Les-différents-périmètres-de-la-métropole-lyonnaiseVous en entendrez très certainement parler dans les prochains mois : la métropole arrive à marche forcée à Lyon comme dans le reste de la France. La loi sur les métropoles est en effet en train d’être discutée au parlement. Elle mérite que l’on se penche sur la question car la métropole est loin d’être une administration de plus parmi d’autres. Il s’agit d’un vrai enjeu pour les classes dominantes avec des conséquences matérielles immédiates pour les habitants des agglomérations concernées.

Cette nouvelle structure administrative va concerner les villes de Paris, Lyon, Marseille mais également Rennes, Nantes, Grenoble, Bordeaux, Nice, Brest, Rouen, Toulouse, Montpellier, Lille et Strasbourg. A Lyon, la première étape vers la mise en œuvre de la métropole est le renforcement des liens entre le Grand Lyon et les pôles urbains voisins.

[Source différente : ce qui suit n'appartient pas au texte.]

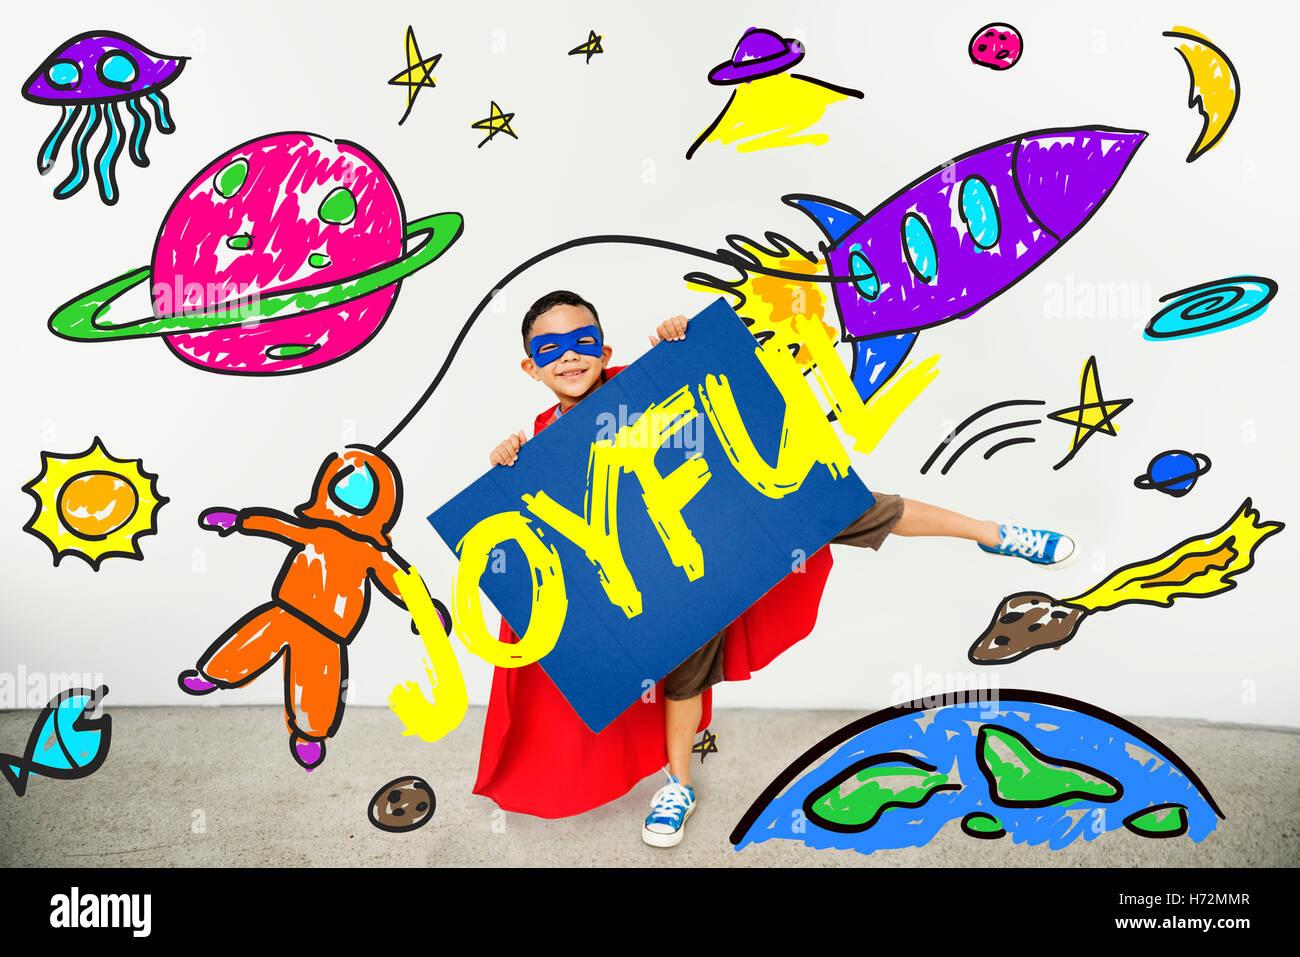 Kids Imagination Space Rocket Joyful Graphic Concept Stock

Étape qui s’est notamment concrétisée par la création d’un syndicat métropolitain des transports. L’événement le plus spectaculaire sera la fusion entre le Grand Lyon et le Conseil Général du Rhône dès 2014. A terme, la métropole lyonnaise englobera dans une même institution les agglomérations de Bourgoin, Vienne ou encore Saint-Etienne. Ces compétences seront relativement larges : énergie, aménagement du territoire, enseignement supérieur, économie, logement, culture, sport etc.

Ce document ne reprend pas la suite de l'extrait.